In the material below, find the span from the line with "Écharpe étole femme" to the line with "Antiquarian Book, 1863" and transcribe only those lines, exactly, ends included, without the pictures.

- [EXERCISE INPUT]:
------------------------------------------------------------

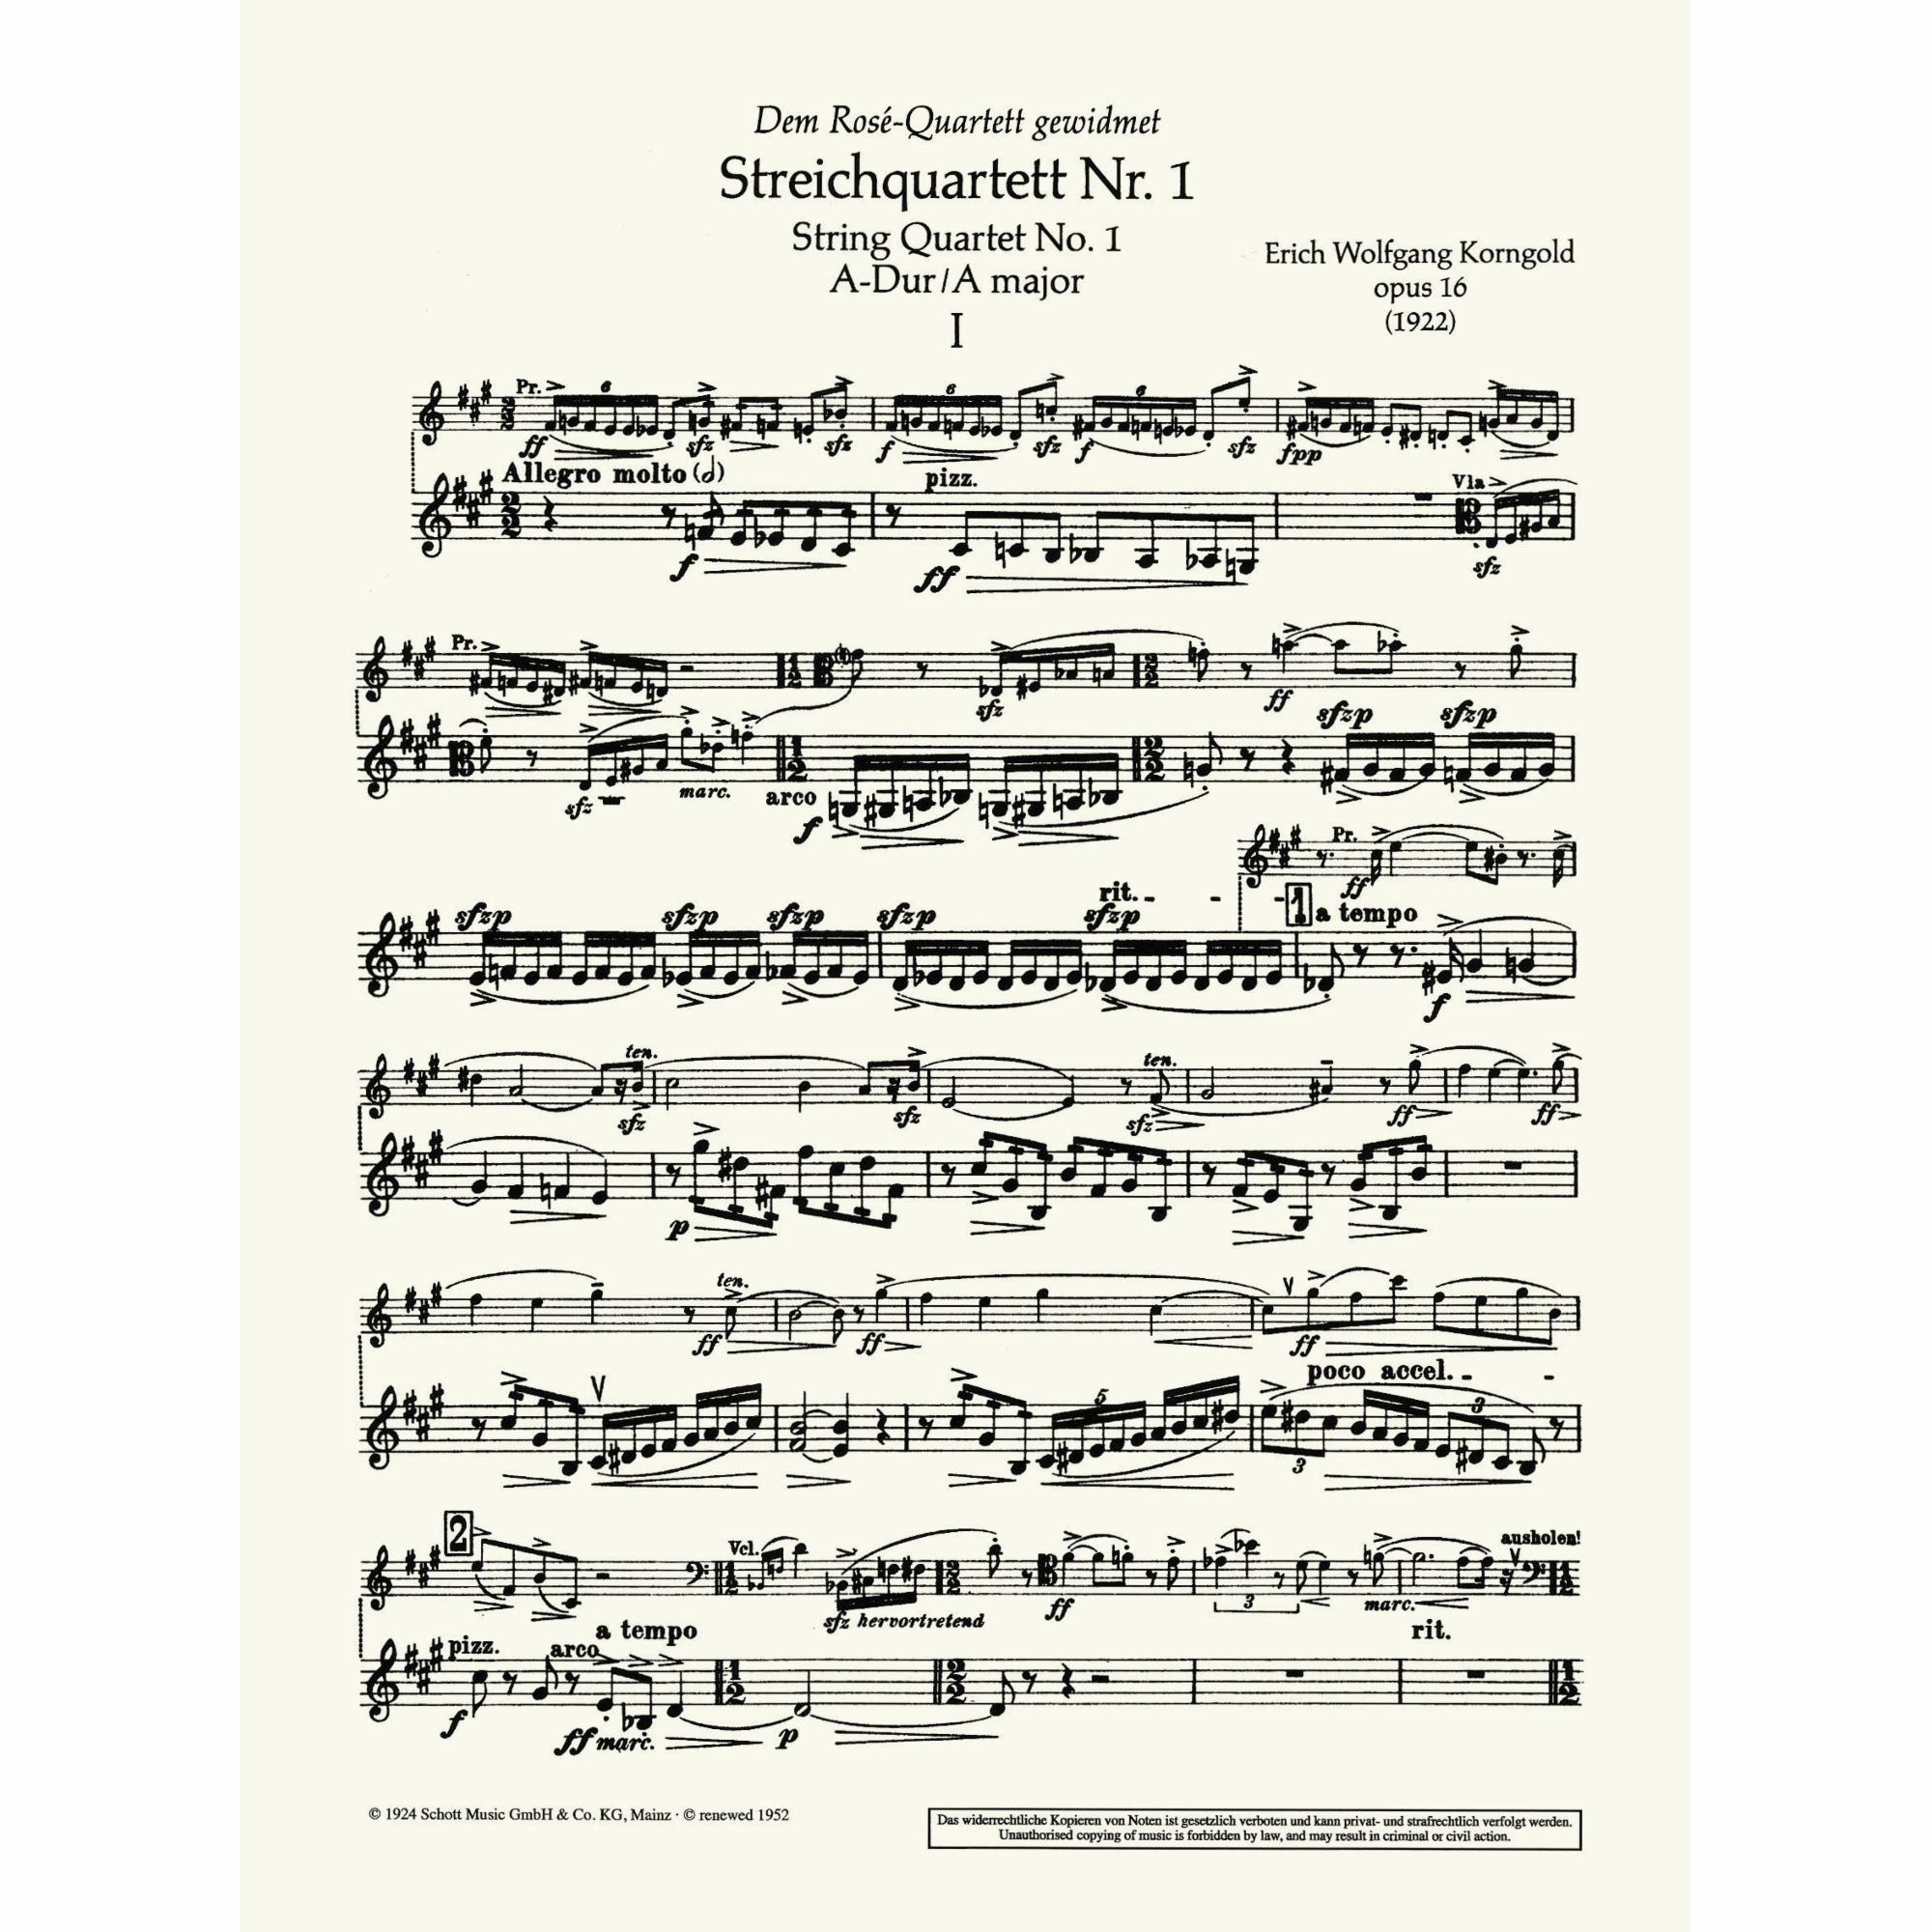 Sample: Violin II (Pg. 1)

------------------------------------------------------------

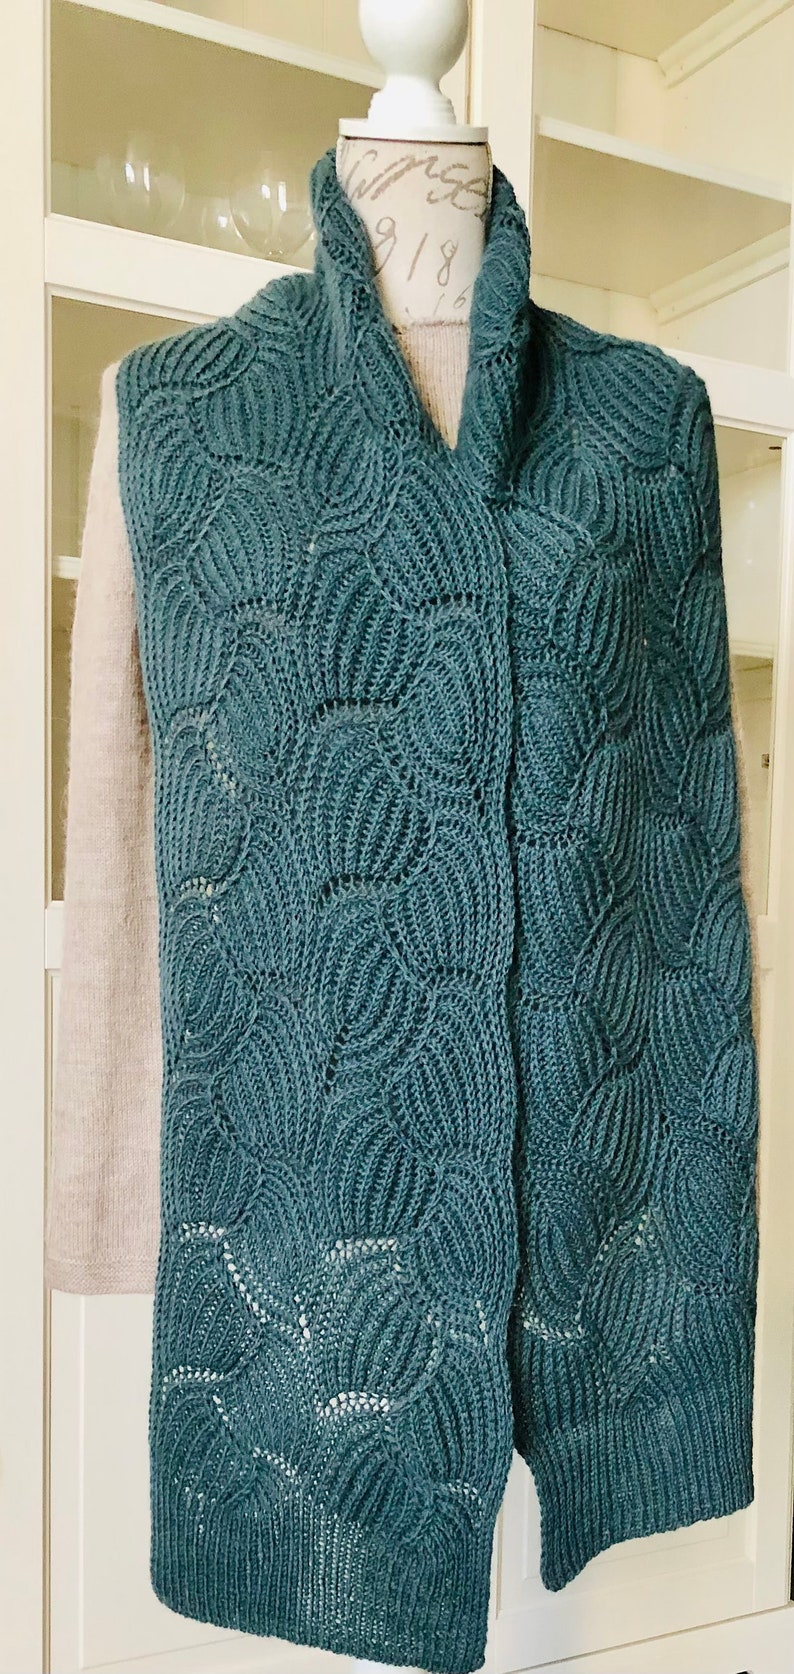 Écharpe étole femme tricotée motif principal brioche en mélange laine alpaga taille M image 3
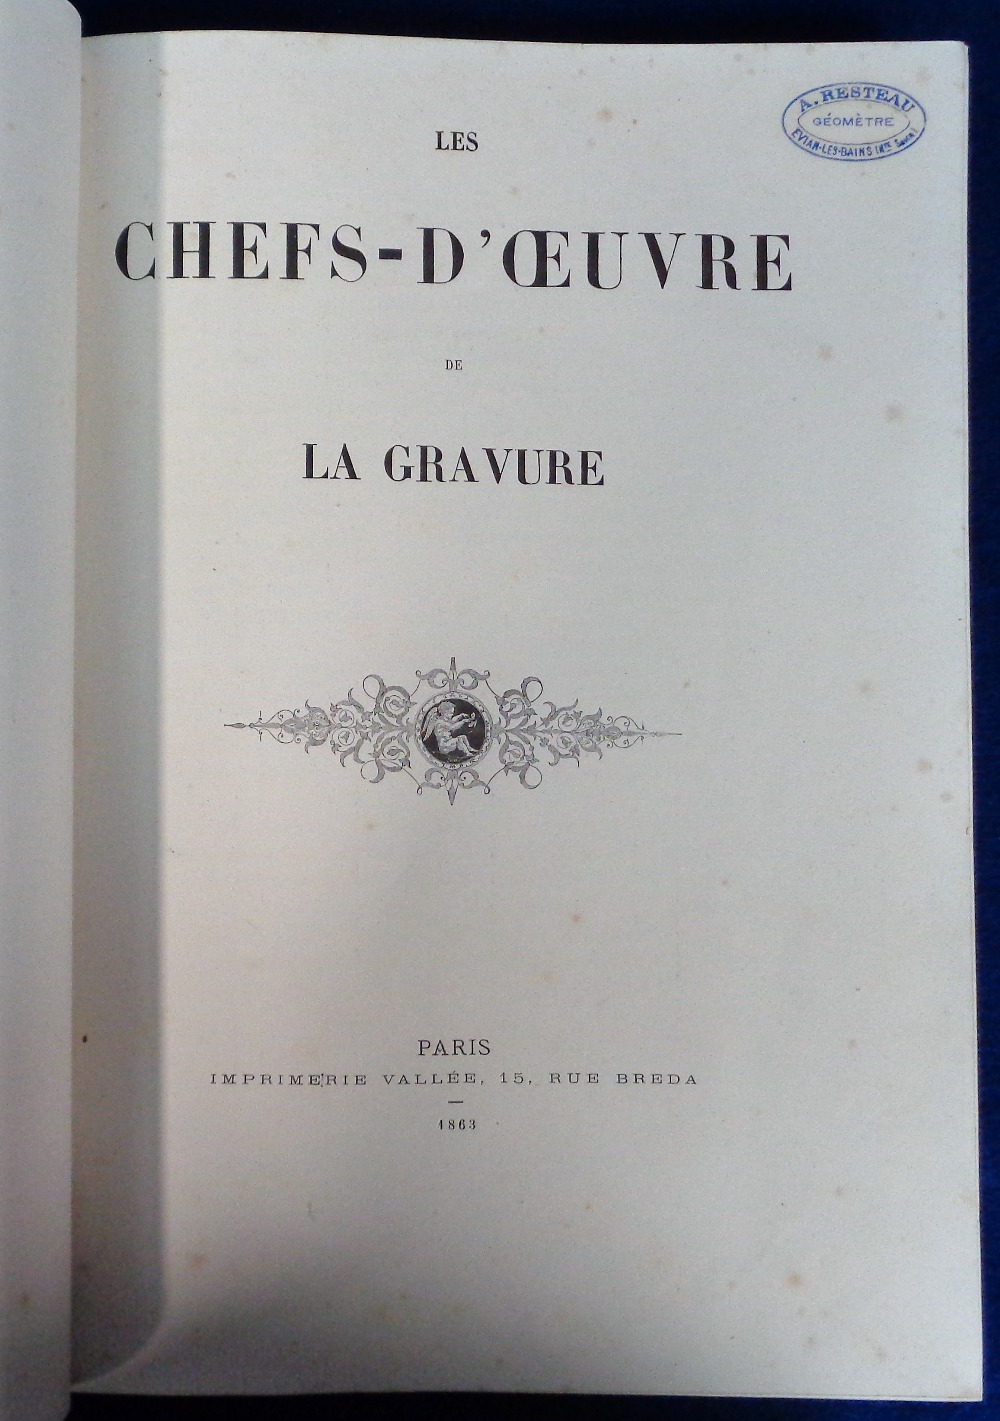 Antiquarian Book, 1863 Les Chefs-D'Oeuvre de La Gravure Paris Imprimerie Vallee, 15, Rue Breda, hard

------------------------------------------------------------

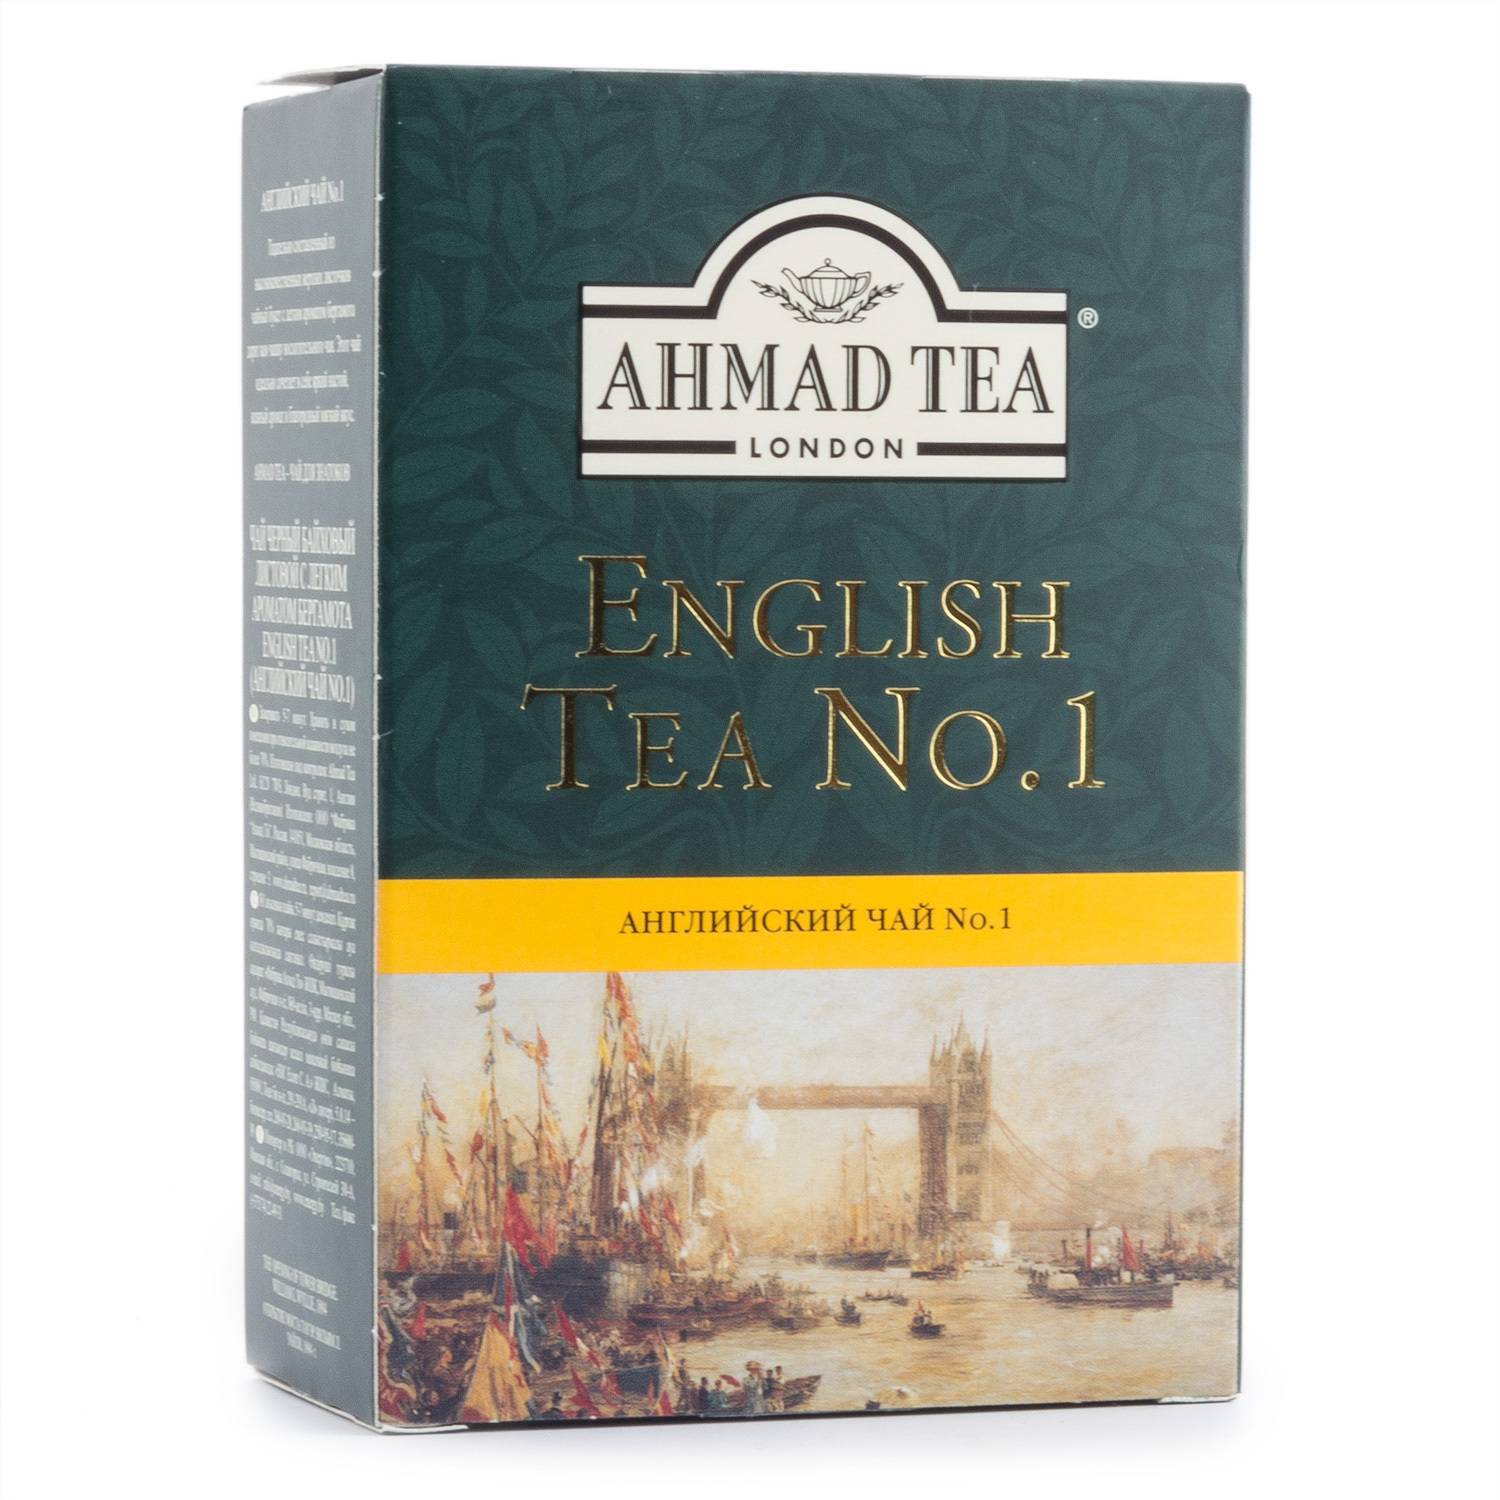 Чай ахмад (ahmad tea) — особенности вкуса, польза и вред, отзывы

------------------------------------------------------------

- [RESULT FOR THIS TASK]:
 Écharpe étole femme tricotée motif principal brioche en mélange laine alpaga taille M image 3
 Antiquarian Book, 1863 Les Chefs-D'Oeuvre de La Gravure Paris Imprimerie Vallee, 15, Rue Breda, hard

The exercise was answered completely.